Organization: Unison Medicare & Research Centre
Country: India
Ishwar Gilada was the first person to raise the alarm against AIDS in India. That was in 1985, and the following year, he started India’s first AIDS clinic, the Unison Medicare and Research Centre, at the government-run JJ Hospital in Mumbai. Ishwar is the President of the AIDS Society of India,
After graduating from the Government Medical College in Aurangabad, he sub-specialized in skin and STIs. His dissertation on STIs among hijras (eunuchs and intersex, asexual and trans people) made him a Diplomate of the American Board of Sexology. In 1987, he became the first Indian person to receive HIV training at San Francisco General Hospital and University of Medicine and Dentistry, New Jersey, US.
Ishwar established and is Secretary-General of Peoples Health Organisation-India, acclaimed for its HIV intervention and projects for sex workers (Saheli Project) and vertical transmission (PHO-Wadia model). These have been replicated globally and placed among UNAIDS best practices. The US-India Business Council named PHO the most outstanding Indian NGO (1997). OY Millennium Films, Finland, featured his work in “Saheli-a friend in need”, which received the Prix Italia 2001 Award. Ishwar has worked for the abolition of the devadasi (cult-based sex work) system and controlling child sex work in India.
Ishwar has initiated, supervised and evaluated 38 AIDS projects in seven Indian states and consulted for the American Foundation for AIDS Research, World Vision and USAID. He has addressed over 4,000 meetings and training programmes in India and several high-HIV burden African countries. His 82 awards include the Outstanding Young Person of the World from the Junior Chamber International, USA (1995).
The many firsts to his credit include: rescuing an 11-year-old sex worker, Tulasa (1982); taking part in the first public interest litigation on blood safety in the Bombay High Court (1989) and the first anti-discrimination case among people living with HIV when Dominic Dsouza was jailed in Goa (1989) (Dominic was released and the Goa Public Health Act was repealed); and setting up the country’s first mobile AIDS clinic (1990), AIDS hotline (1991) and voluntary HIV testing centre (1992).

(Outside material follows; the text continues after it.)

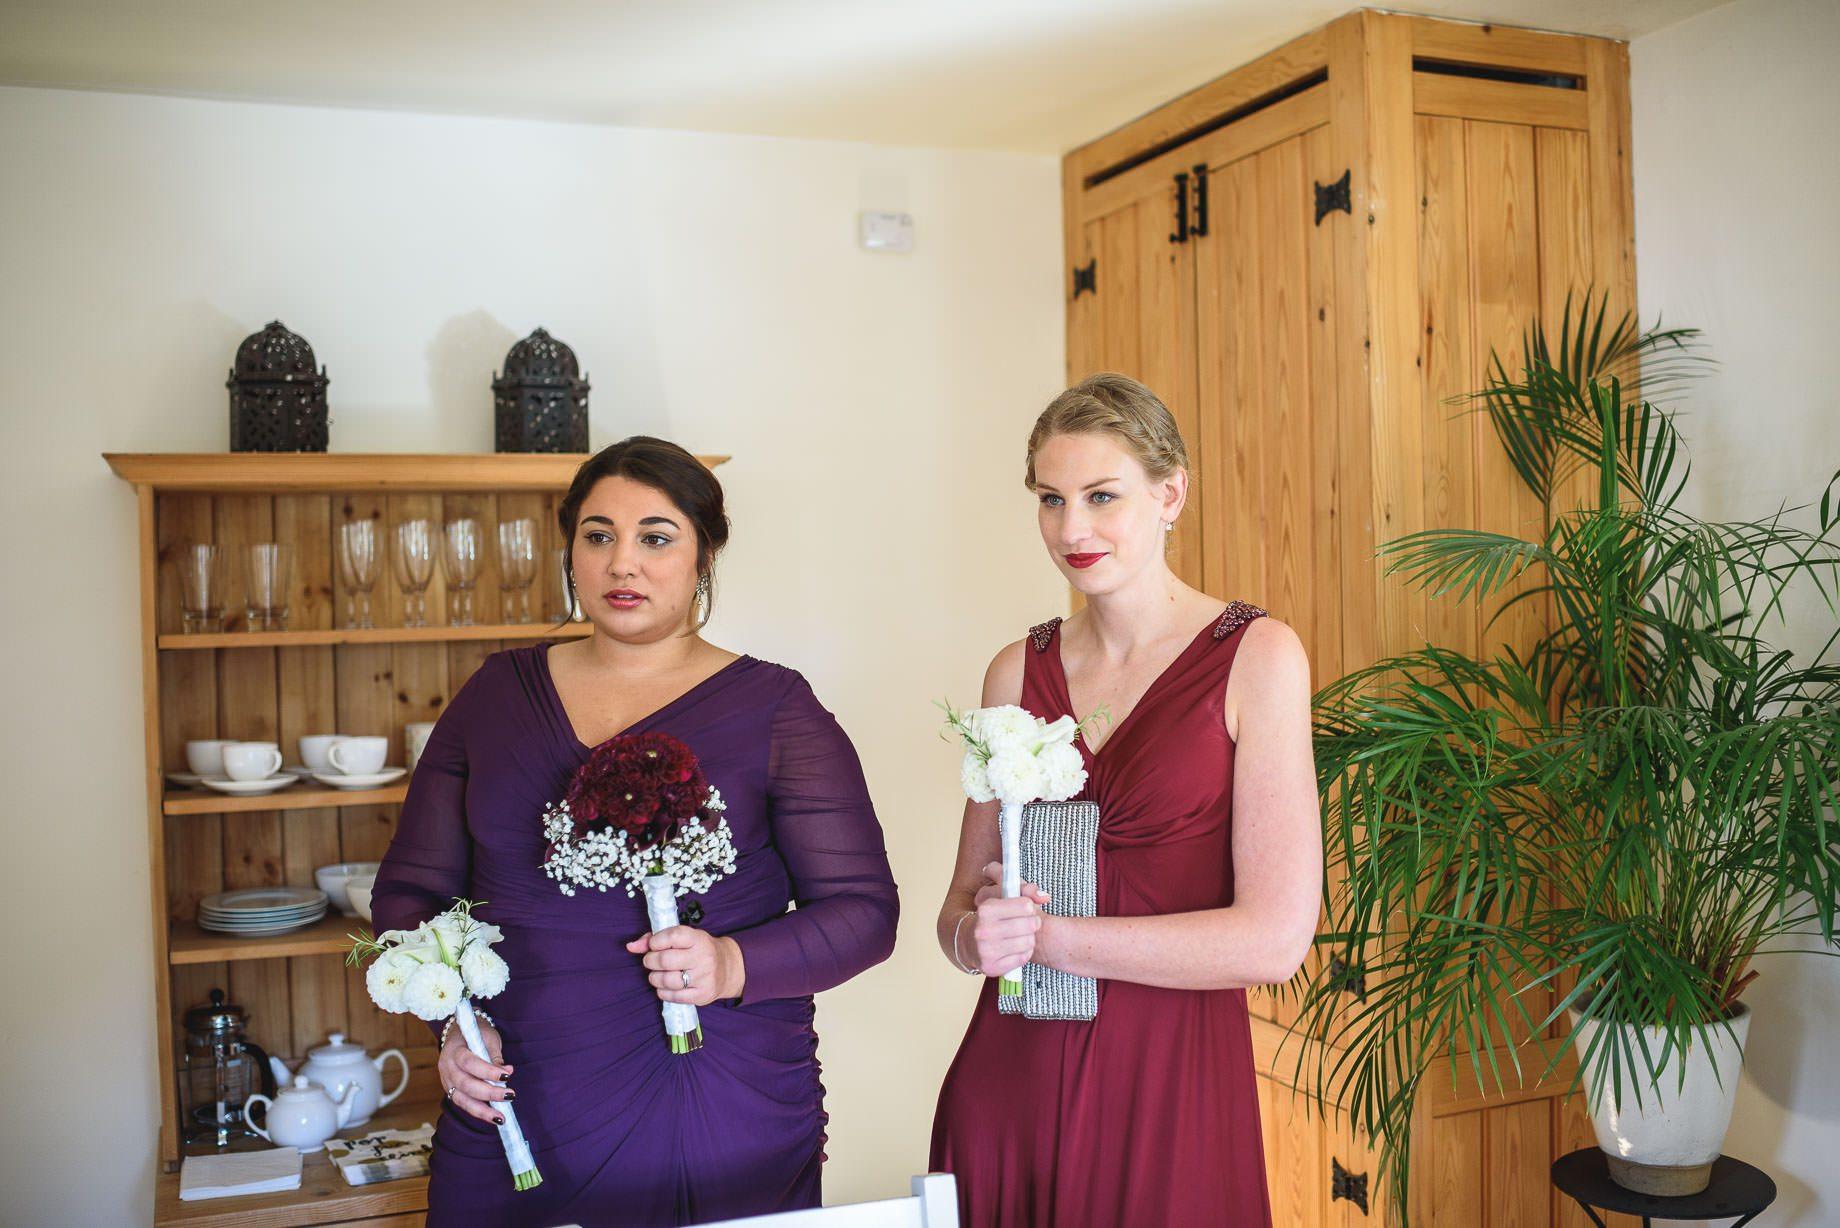 bury-court-barn-wedding-photography-guy-collier-photography-nadia-tom-39-of-184

Ishwar serves on the Technical Resource Group on antiretroviral treatment at the National AIDS Control Organisation and Technical Working Group on Latent TB Infection Management in India. He served as National AIDS Committee Joint Secretary (1995-1997) and on the AIDS Society in Asia and Pacific Governing Board (1992-1994). He was also AIDS Advisor for Goa and Uttar Pradesh states (1995-1999).
He helped bring about Supreme Court of India orders that reduced COVID-19 testing costs. He also helped change the dominant narrative from just numbers of people with COVID-19 or dead to science-based data; Ishwar has published over 300 multilingual videos, articles and podcasts on COVID-19-related public health education. He has published or presented 289 scientific papers and organized and chaired the World Congress on AIDS, Mumbai (1990), 11 satellite seminars at International AIDS Conferences and 12 national AIDS conferences in India. He has been an IAS Member since 1989 and IAS Governing Council member since 2018.